Self-Advocacy Outside the Blogosphere
Stories on the Internet are what blogging is all about. Read, react, re-post (only this time with feeling!). This is, well, what we're all here for. But it also means that certain ideas, attitudes, types of stories, and misconceptions that do not reflect off-line reality get recirculated and ultimately believed to be true. It's a self-reinforcing, or positive, feedback loop of inaccuracy.
One of these misconceptions, peculiar to autism articles, is that self-advocacy is something only people without intellectual disability or complex support needs are able to engage in. The irony of this is that the intellectual and broader developmental disability self-advocacy communities have well-developed models to successfully enable self-advocacy for people with intellectual disabilities or complex support needs; in my area, self-advocates with ID have accomplished far more at this point than self-advocates who are on the autistic spectrum but who do not have ID.
Self-advocacy organizations for people with intellectual and other developmental disabilities began in my state in the 1970's. While the original People First organization is now defunct (though their web site lives on), the organized ID/DD self-advocacy community is currently active in the form of Self Advocates as Leaders, which influences public policy, provides self-advocacy training, and publishes self-advocate stories. That group is affiliated with the nation-wide ID/DD self-advocacy organization Self Advocates Becoming Empowered (look up your own state's chapter!).

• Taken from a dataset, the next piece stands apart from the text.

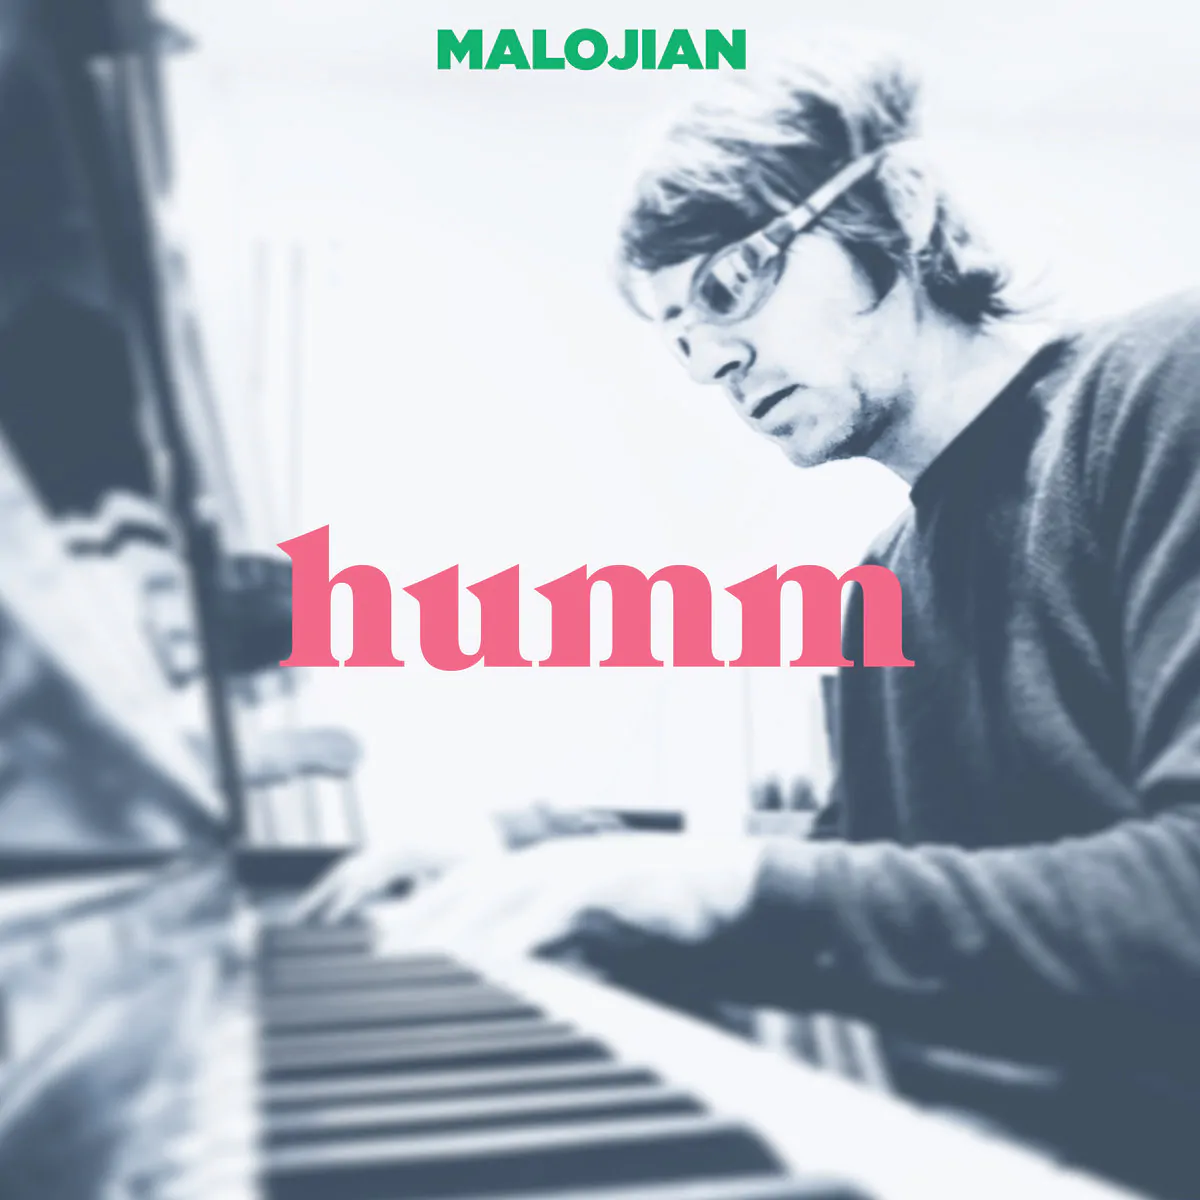 ALBUM REVIEW: Malojian – Humm

The model my local group uses is the inclusion of skilled support staff who enable people with ID or complex support needs to participate in self-advocacy activities. These staff assist with tasks like organization, transportation, and translation, but they do not make any decisions--they simply facilitate our ability to make our own decisions. It is of importance that these support people have training and passion specifically in the area of encouraging self-advocates to speak their own minds. This is important because speaking up for one's self is something which regular support staff often do not want "the client" to do.
This is one model and example, but probably not the only. The People First movement has been around for a while.
Before accepting an assumption that people on the spectrum with ID or complex support needs can not self-advocate, it may be worth looking outside of the "autism community" at the broader ID/DD community. It may be worth looking outside the Internet too. Instead of stating "someone like that can't--" ask "has anyone like that ever--?"
There's a lot of experience out there we can draw from if we look to what is happening outside the blogosphere. The Internet is big. The world is bigger.